- [Exercise details]
If you see a picture in the data below, omit it and copy the rest exactly.

- [Dataset section]

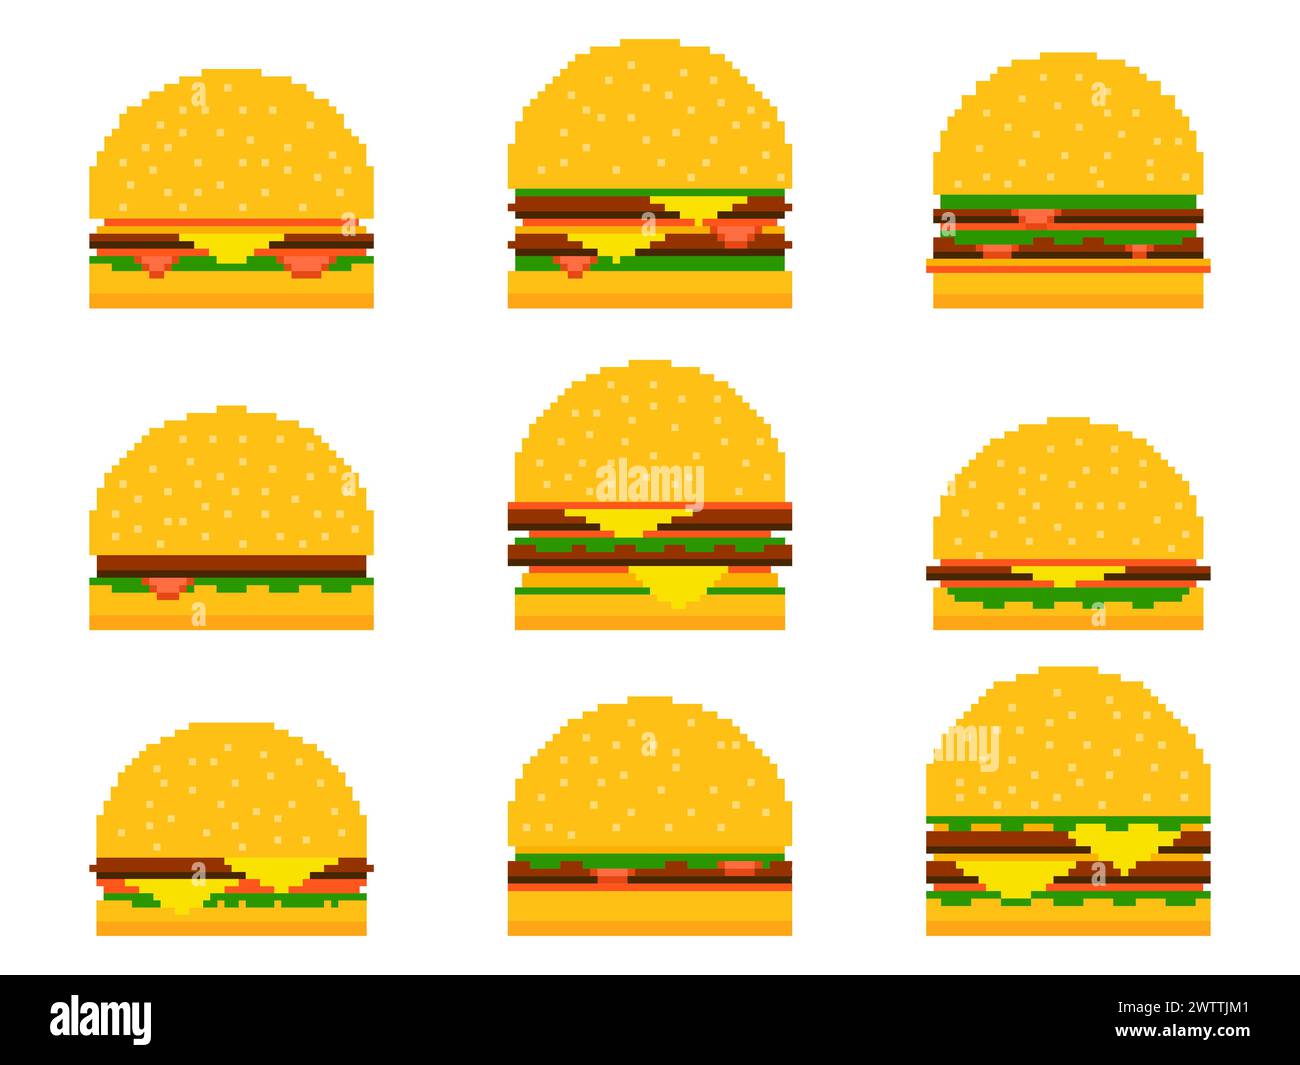 Icona di pixel Burger impostata isolata su sfondo bianco. cheeseburger a 8 bit con due cotolette e formaggio. Collezione di icone di cheeseburger e hamburger in Illustrazione Vettoriale
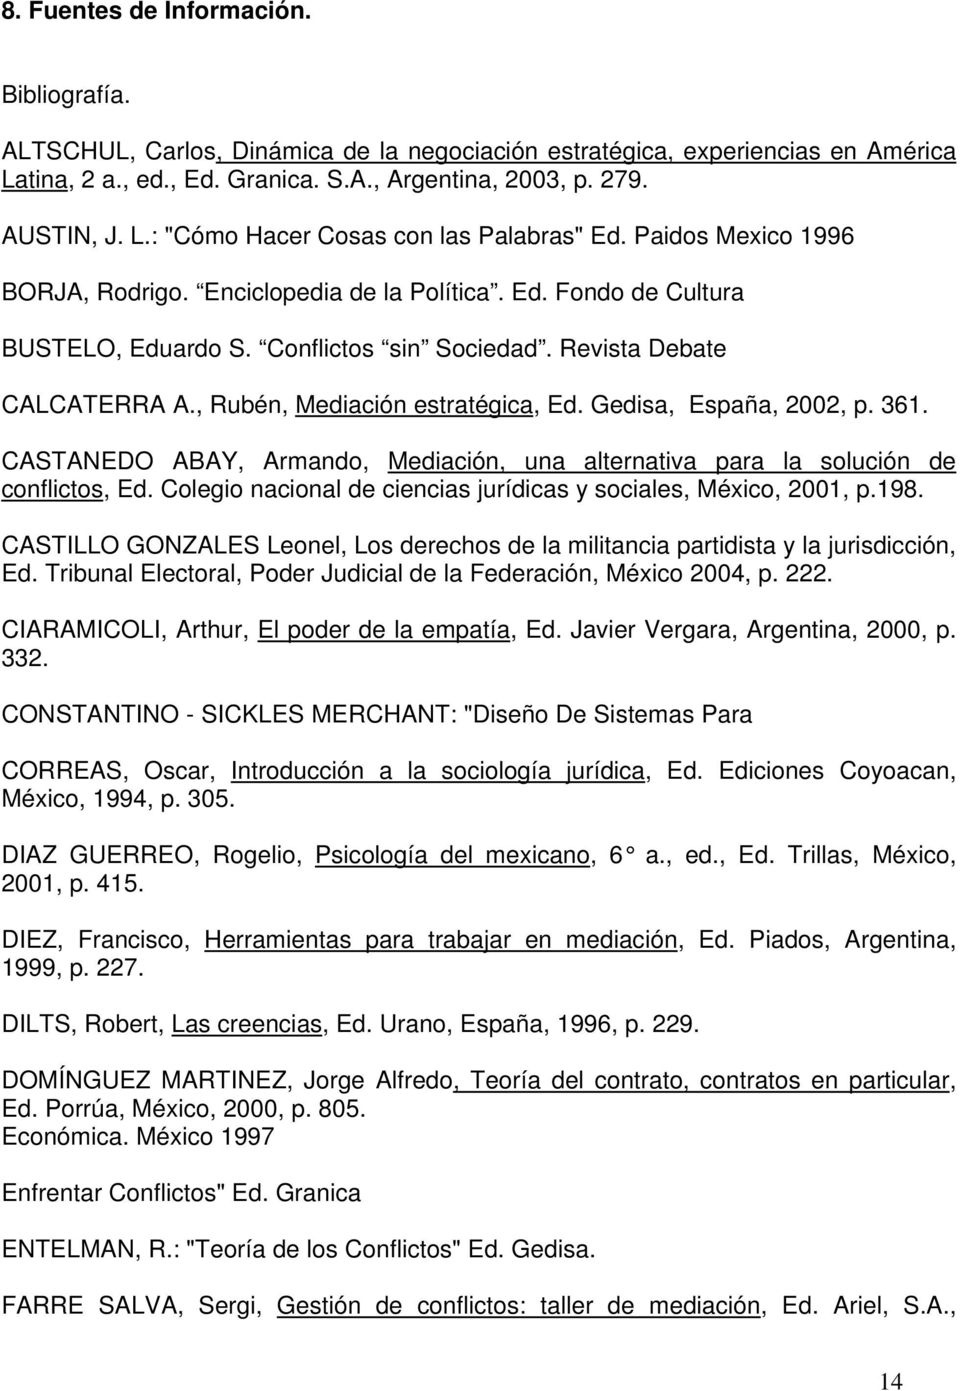 Gedisa, España, 2002, p. 361. CASTANEDO ABAY, Armando, Mediación, una alternativa para la solución de conflictos, Ed. Colegio nacional de ciencias jurídicas y sociales, México, 2001, p.198.
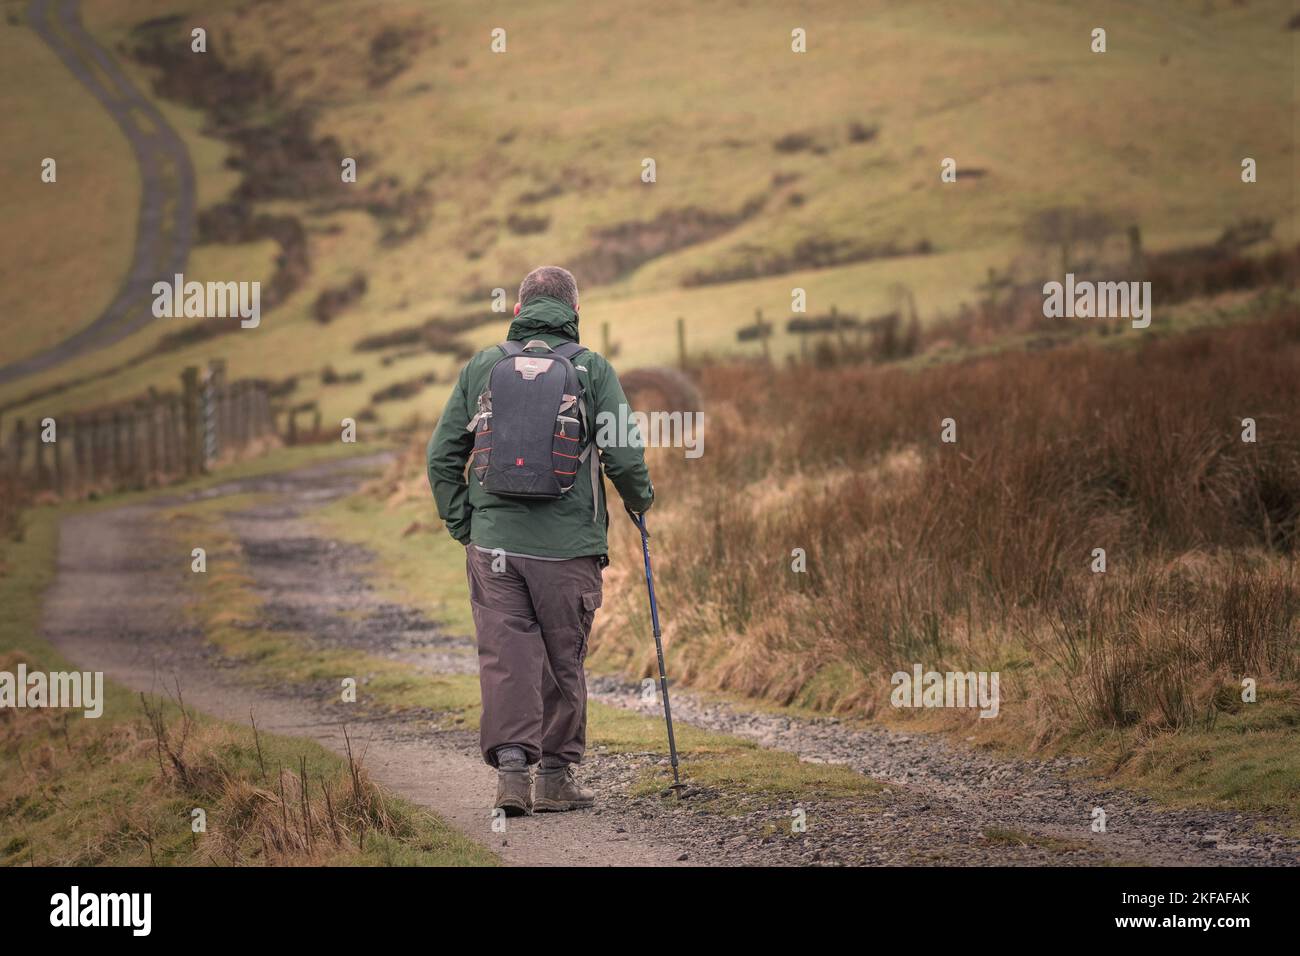 Gli anziani camminano e si esercitano in campagna. Camminando con bastone sul sentiero della brughiera. Foto Stock

- [Response box]
 Icona di pixel Burger impostata isolata su sfondo bianco. cheeseburger a 8 bit con due cotolette e formaggio. Collezione di icone di cheeseburger e hamburger in Illustrazione Vettoriale
 Gedisa, España, 2002, p. 361. CASTANEDO ABAY, Armando, Mediación, una alternativa para la solución de conflictos, Ed. Colegio nacional de ciencias jurídicas y sociales, México, 2001, p.198.
 Gli anziani camminano e si esercitano in campagna. Camminando con bastone sul sentiero della brughiera. Foto Stock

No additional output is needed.